A $60B aid package going to the region with the highest concentration of US voters is too great an opportunity for the House GOP to lump it into the same news cycle as the fiscal cliff deal. I'm certainly not accusing Rep King of any altruism here.
Posted by Sir Vic on January 2, 2013 at 1:51 PM · Report this
Knat 20
@17: His reputation will stand as an obstructionist either way, so I suppose "petulant whiner" won't tarnish it much. I would say his recent behavior speaks poorly of his character, but I was convinced long ago that he has none.

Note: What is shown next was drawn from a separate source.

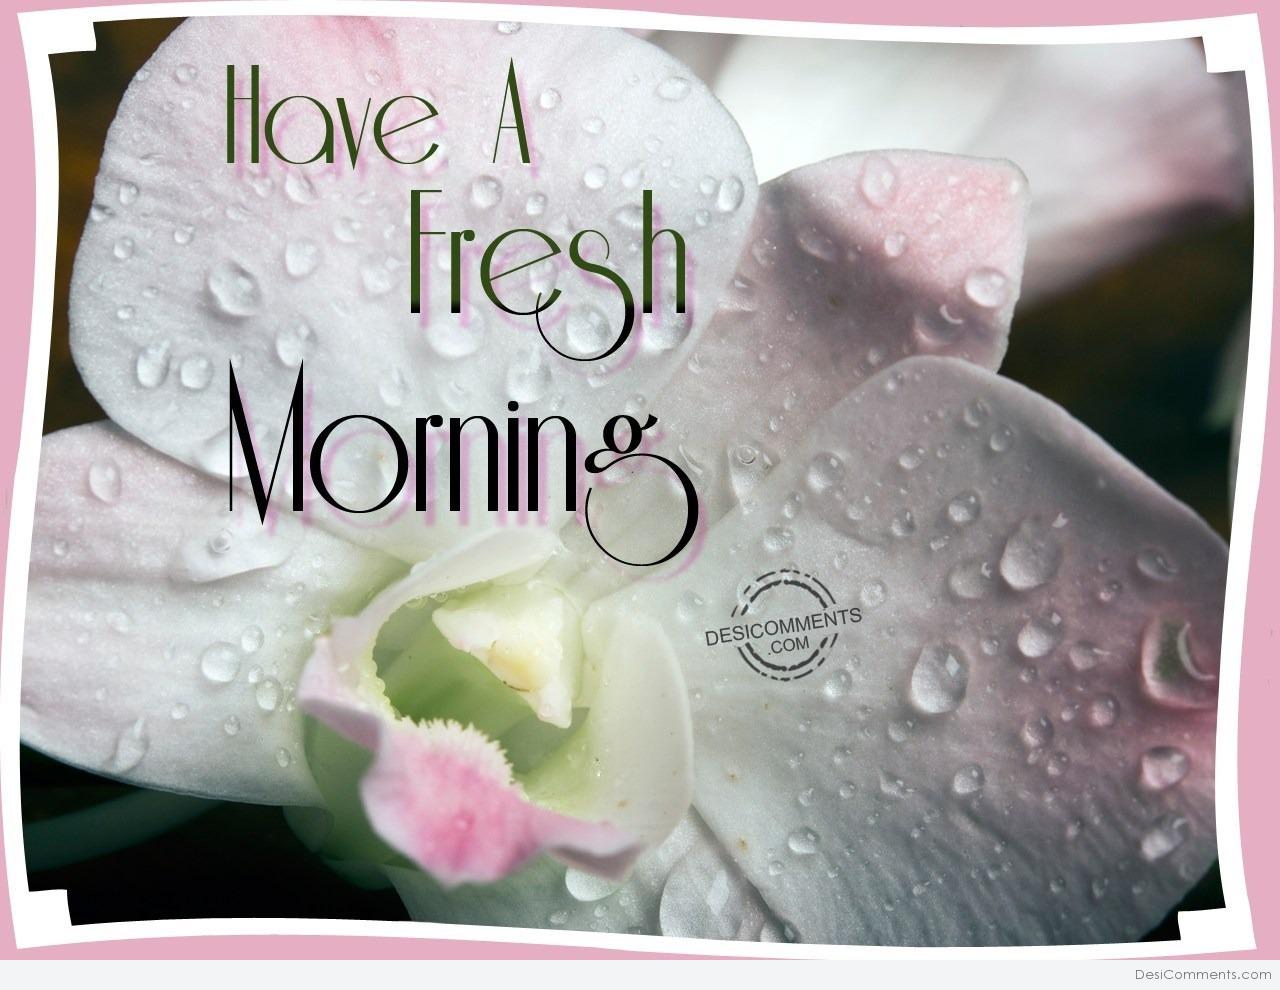 Have a fresh morning - DesiComments.com

I find it very amusing that he's facing the same situation that Newt Gingrich was in about 15 years ago, when Boehner was the one leading the charge for Speaker Newt's dismissal.
Posted by Knat on January 2, 2013 at 1:57 PM · Report this
21
@17 What a great comparison. I love it.
Posted by sahara29 on January 2, 2013 at 1:58 PM · Report this
ScrawnyKayaker 22
@18 I'm sure it can't happen until, at the earliest, um, 1980?
Posted by ScrawnyKayaker on January 2, 2013 at 2:14 PM · Report this
23
They should switch parties if the republicans are not doing it for them.
Posted by XRay on January 2, 2013 at 6:49 PM · Report this
24
@15 Yeah, I forgot about that (his Muslim witchhunt). As for the "bipartisanship," I would disagree with that characterization. His district is actually pretty conservative, which by the way is not in Queens. It's further out on Long Island, straddling portions of Suffolk and Nassau counties with another couple of districts between him and the City. The northern part of his district is relatively wealthy and a good source of Republican donations. The southern portion is lower middle class conservative. That's who he's pandering to most of the time. His voting record is actually pretty conservative, and he's been pretty combative in opposing Democratic policies.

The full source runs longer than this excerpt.